Build from Source Code
Download BigDL Source
BigDL source code is available at GitHub
$ git clone https://github.com/intel-analytics/BigDL.git
By default, git clone
will download the development version of BigDL, if you want a release version, you can use command git checkout
to change the version. Available release versions is BigDL releases.
Setup Build Environment
The following instructions are aligned with master code.
Maven 3 is needed to build BigDL, you can download it from the maven website.
After installing Maven 3, please set the environment variable MAVEN_OPTS as follows:
$ export MAVEN_OPTS="-Xmx2g -XX:ReservedCodeCacheSize=512m"
When compiling with Java 7, you need to add the option ā-XX:MaxPermSize=1Gā.
Build with script (Recommended)
It is highly recommended that you build BigDL using the make-dist.sh script. And it will handle the MAVEN_OPTS variable.
Once downloaded, you can build BigDL with one of the following commands:
For Spark 2.0 and above (using Scala 2.11)
$ bash make-dist.sh -P spark_2.x
It is highly recommended to use Java 8 when running with Spark 2.x; otherwise you may observe very poor performance.
For Spark 1.5.x or 1.6.x (using Scala 2.10)
$ bash make-dist.sh
Specify a Scala version
By default, make-dist.sh
uses Scala 2.10 for Spark 1.5.x or 1.6.x, and Scala 2.11 for Spark 2.0.x or 2.1.x. To override the default behaviors, you can pass -P scala_2.10
or -P scala_2.11
to make-dist.sh
as appropriate.
After that, you can find a dist
folder, which contains all the needed files to run a BigDL program. The files in dist
include:
- dist/bin/: The folder contains scripts used to set up proper environment variables and launch the BigDL program.
- dist/lib/bigdl-VERSION-jar-with-dependencies.jar: This jar package contains all dependencies except Spark classes.
- dist/lib/bigdl-VERSION-python-api.zip: This zip package contains all Python files of BigDL.
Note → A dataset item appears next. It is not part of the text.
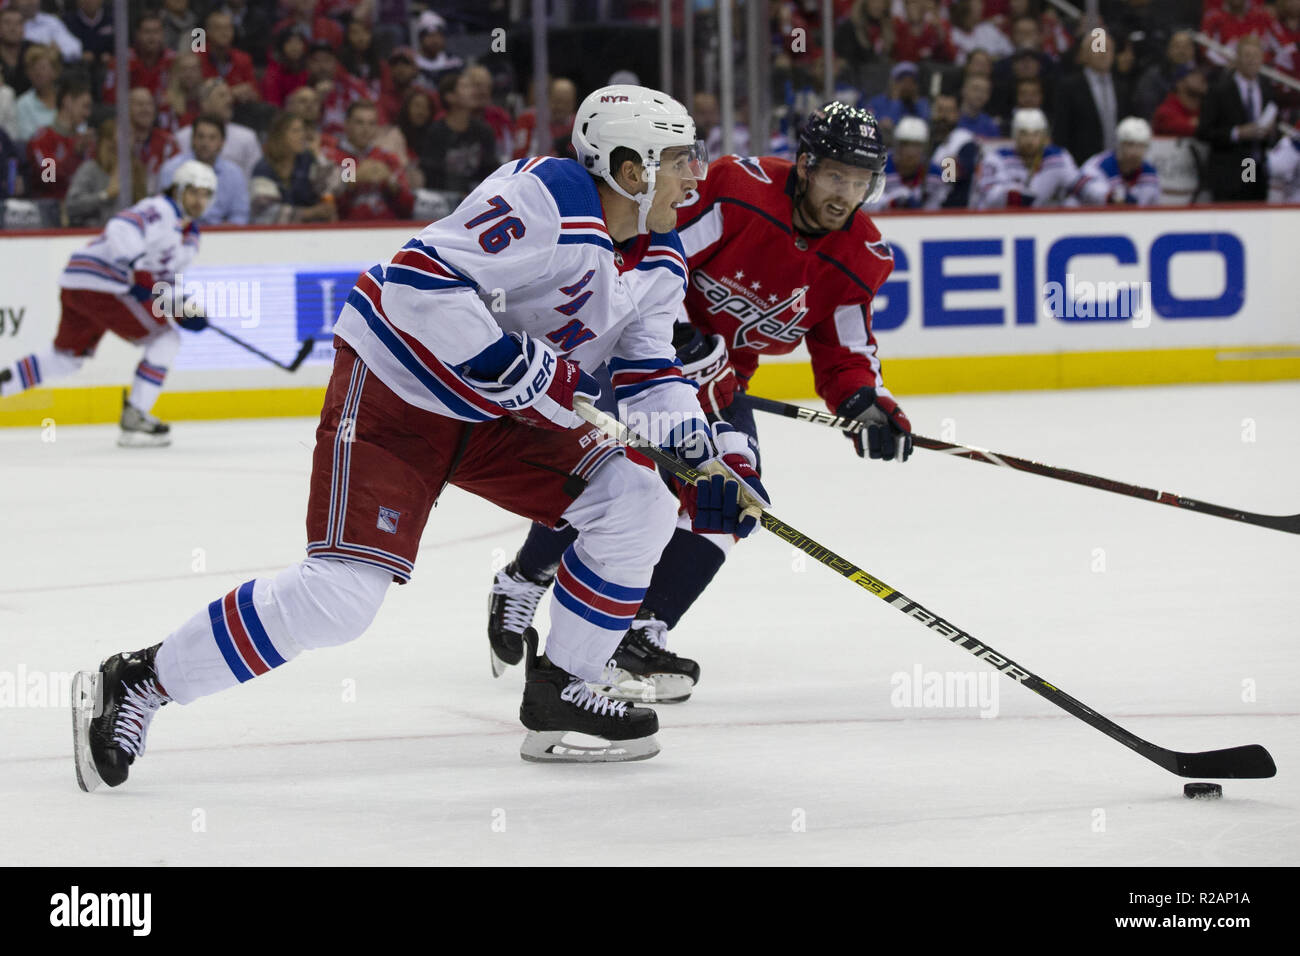 Ron Duguay: Guarding Alex Ovechkin is key for Rangers - Sports

- dist/conf/spark-bigdl.conf: This file contains necessary property configurations.
Engine.createSparkConf
will populate these properties, so try to use that method in your code. Or you need to pass the file to Spark with the "--properties-file" option.
Build with Maven
To build BigDL directly using Maven, run the command below:
$ mvn clean package -DskipTests
After that, you can find that the three jar packages in PATH_To_BigDL
/target/, where PATH_To_BigDL
is the path to the directory of the BigDL.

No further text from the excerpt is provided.